14 Fully-Funded PhD Scholarship Opportunities with Project REACT (Marie Skłodowska-Curie Doctoral Network)

Are you a Master’s degree holder looking to pursue a PhD in cutting-edge neuromorphic computing and related fields? Project REACT, part of the Marie Skłodowska-Curie Doctoral Network (MSCA DN), offers 14 fully-funded PhD positions across top institutions in Europe and Israel. These positions focus on innovative research in secure, energy-efficient, and sustainable computing technologies. Below, we outline the eligibility criteria, employment conditions, application process, and details of each PhD position to help you find the perfect opportunity.

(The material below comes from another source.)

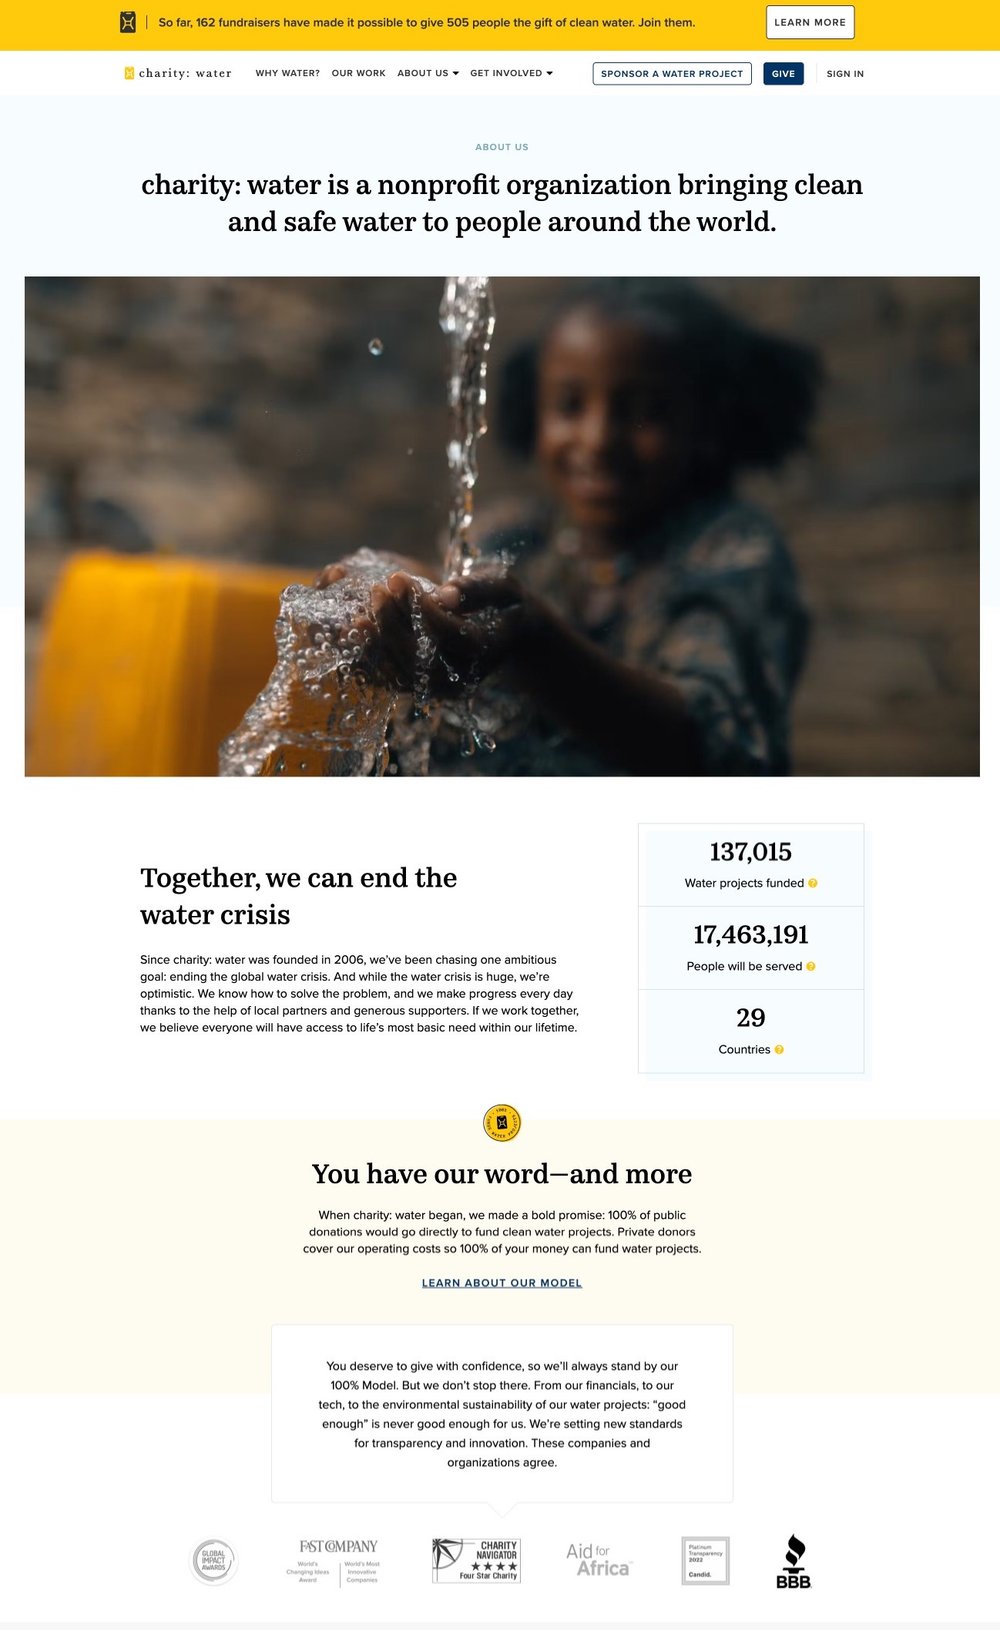 charity water about us 1.jpg

Eligibility Criteria for Project REACT

To apply for these PhD positions, you must meet the following requirements:

• Doctoral Status: You must be a doctoral candidate without a PhD degree at the time of recruitment. If you’ve defended your thesis but not received the degree, you’re ineligible.
• Mobility Rule: You must not have lived or worked/studied in the host institution’s country for more than 12 months in the 36 months before recruitment (excluding short holidays, national service, or refugee status).
• Educational Background: Hold a Master’s degree (or equivalent) in Electrical Engineering, Computer Engineering, Computer Science, or a related field. Prior experience in Project REACT’s research areas is a plus.
• English Proficiency: Strong spoken and written English skills are required, as it’s the official working language.

Employment Conditions

Successful candidates will enjoy:

• Contract: A 36-month full-time employment contract at a Project REACT host institution.
• Salary: A gross monthly salary including a €3,400 Living Allowance (adjusted by MSCA Country Correction Coefficients) and a €600–€1,260 Mobility/Family Allowance based on family status.
• PhD Completion: Expected to complete your PhD by the end of the contract or shortly after.
• Training & Development:
  • Conduct original research aligned with Project REACT themes.
  • Participate in academic courses, workshops, and events for scientific and transferable skills.
  • Undertake research secondments with partner institutions for interdisciplinary experience.
  • Receive supervision from experienced researchers within the MSCA DN.

How to Apply

Follow these steps to apply:

1. Select Projects: Choose up to three preferred PhD projects from the list below, ranking them as 1st, 2nd, and 3rd choices.
2. Prepare Documents: Submit a single PDF including:
   • Detailed CV
   • Cover Letter (explain your suitability, background, and research experience)
   • Research Statement (max 2 pages, detailing your interests and past projects)
   • Copy of your highest degree diploma (optional: academic transcript)
   • Contact details of two referees
3. Submit Application: Use the online Application Form and, if required, the host institution’s recruitment system.
4. Selection Process: Applications are reviewed on a rolling basis. Shortlisted candidates will be invited for online interviews. Only the first application is considered if duplicates are submitted.
5. Key Dates:
   • Application Period: July 1, 2025 – October 30, 2025
   • Recruitment Start: Preferably by November 1, 2025

Note: Host institutions promote diversity and equal opportunity. Additional documents may be required for PhD program enrollment per university regulations.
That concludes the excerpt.